Exercise in exact copying: restate word for word only the lines below from the one containing "Tooting Popular Front" through the one containing "The corporate world", omitting any pictures.

++++ Supplied records

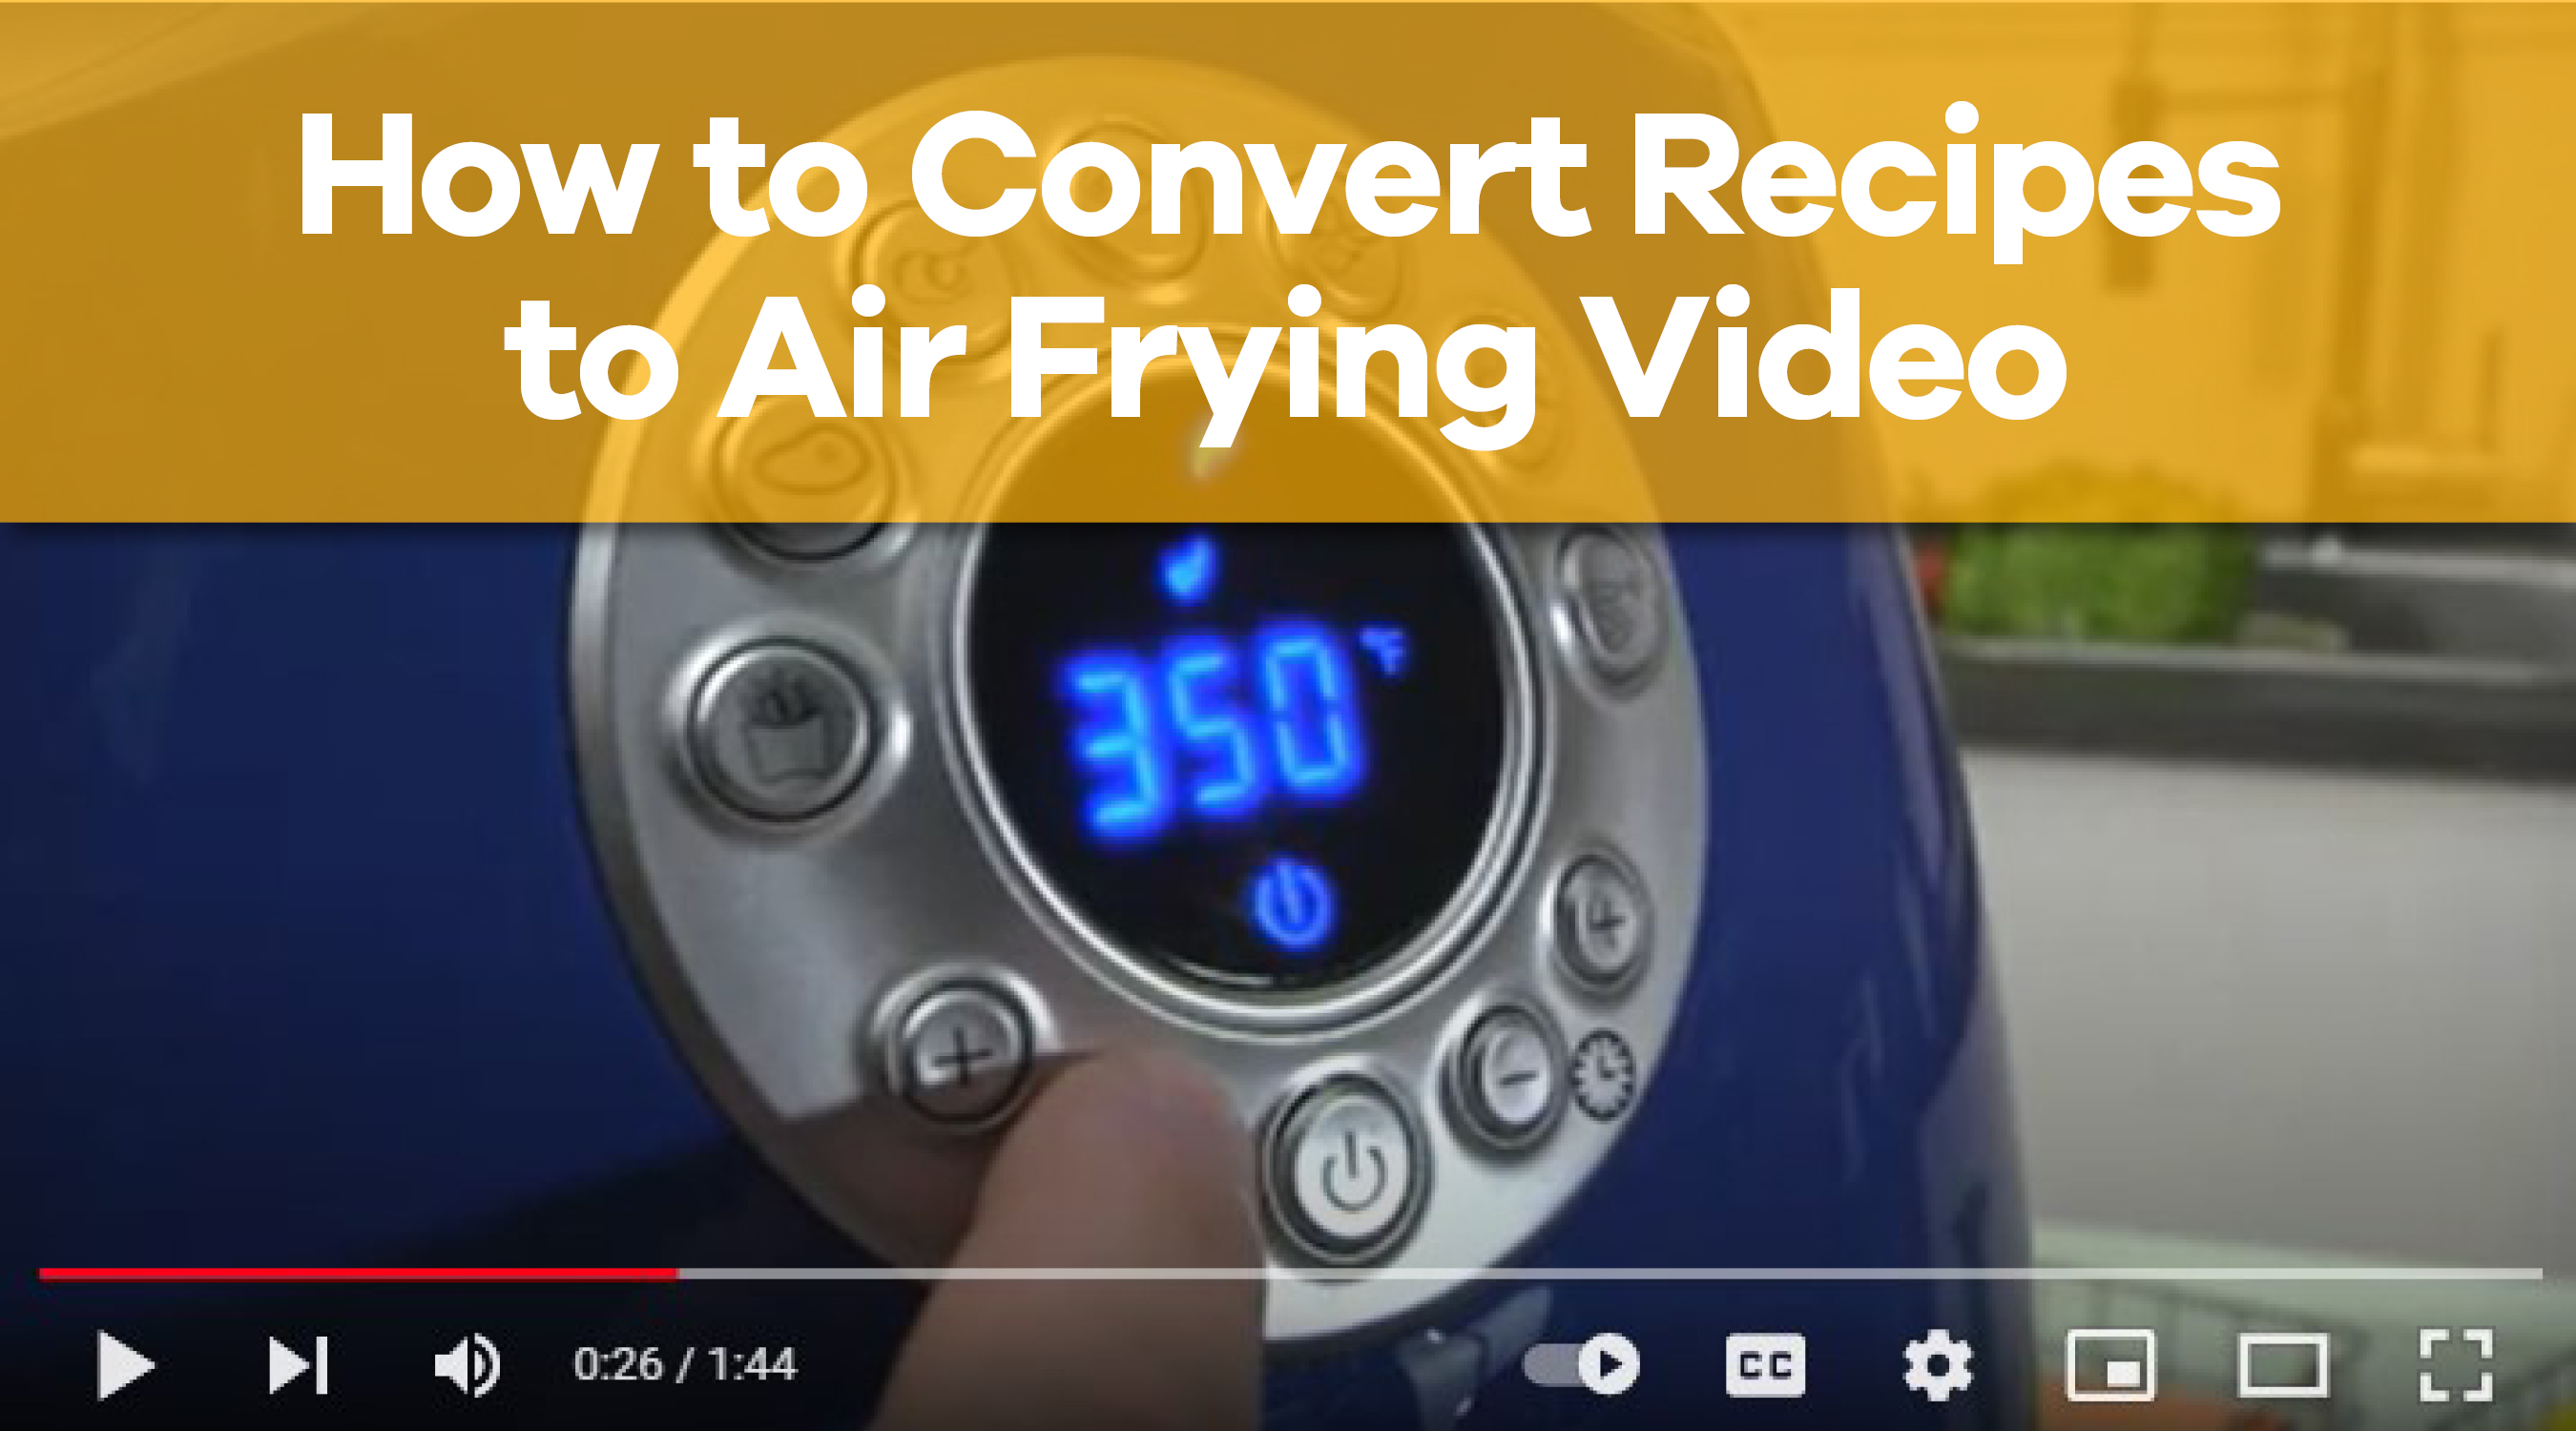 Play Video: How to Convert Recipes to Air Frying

++++++++
++++ Supplied records

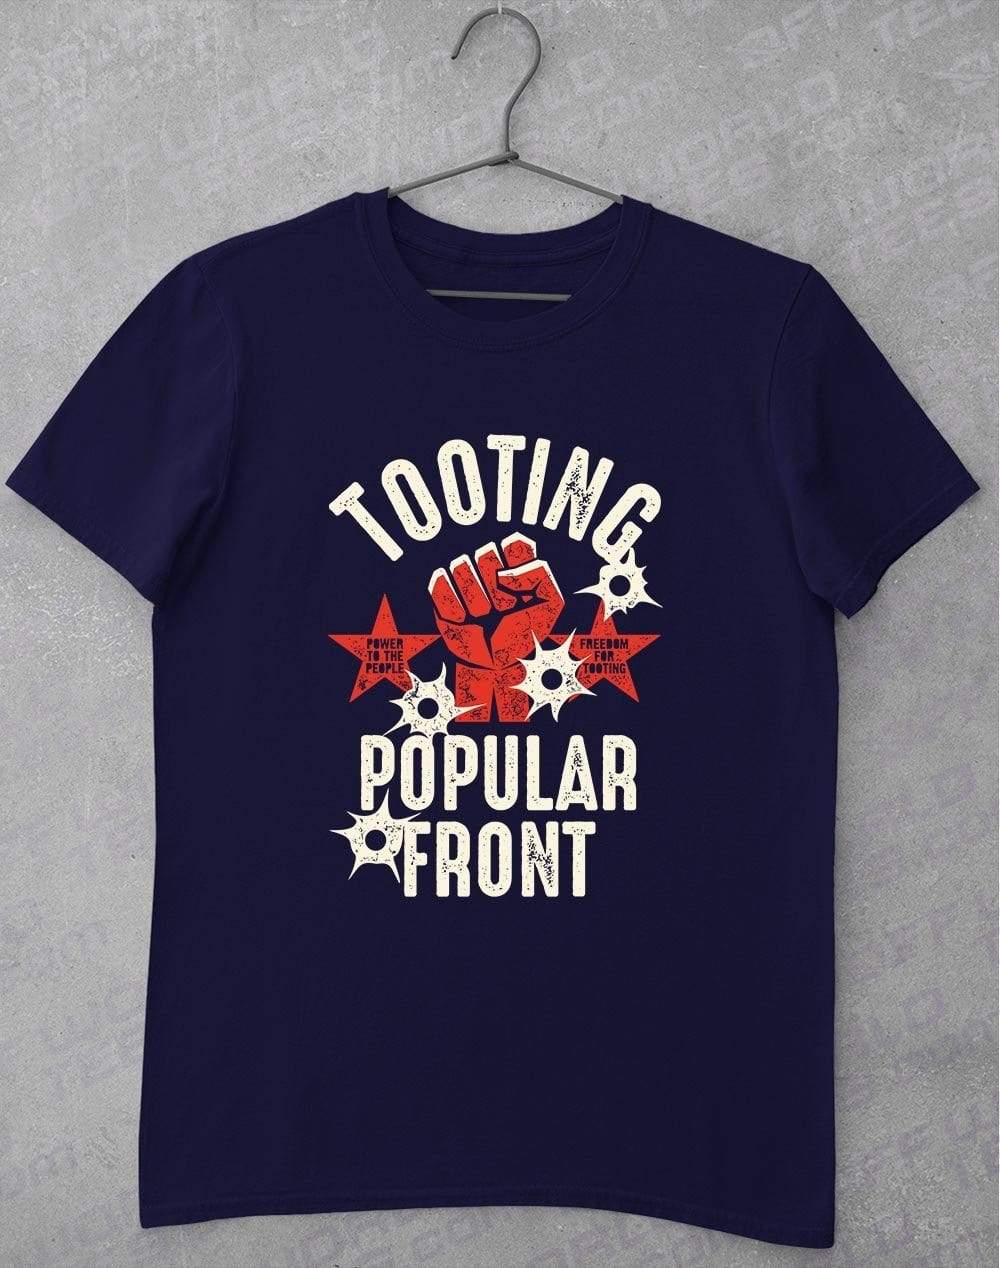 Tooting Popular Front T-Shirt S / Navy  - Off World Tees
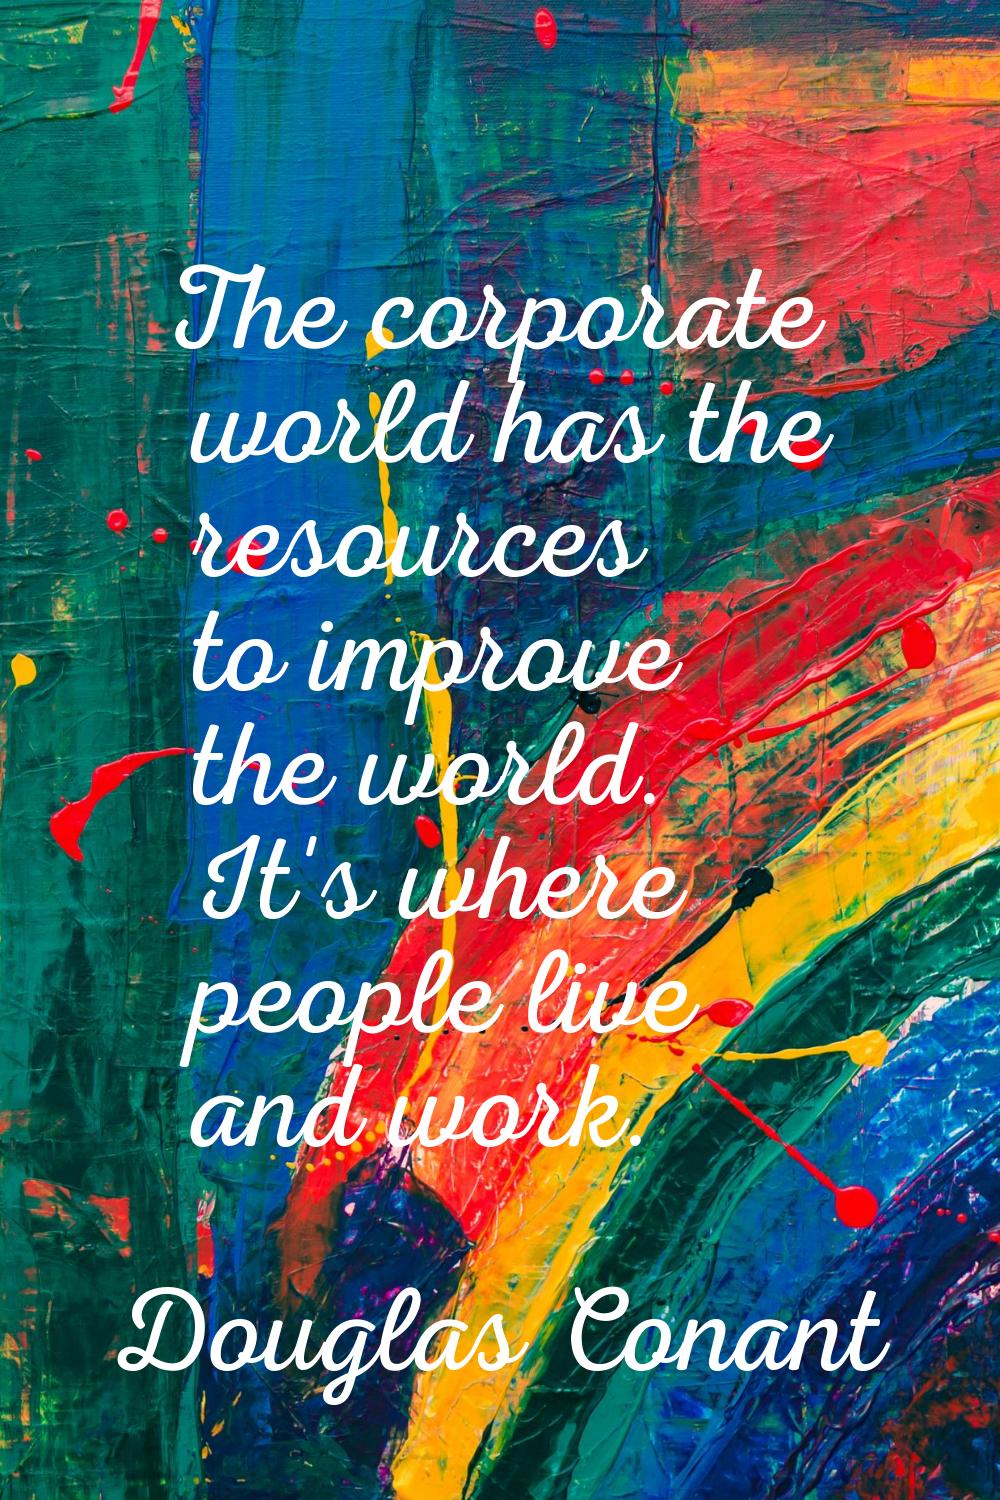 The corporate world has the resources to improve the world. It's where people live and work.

++++++++

[Answer to this problem]
 Tooting Popular Front T-Shirt S / Navy  - Off World Tees
 The corporate world has the resources to improve the world. It's where people live and work.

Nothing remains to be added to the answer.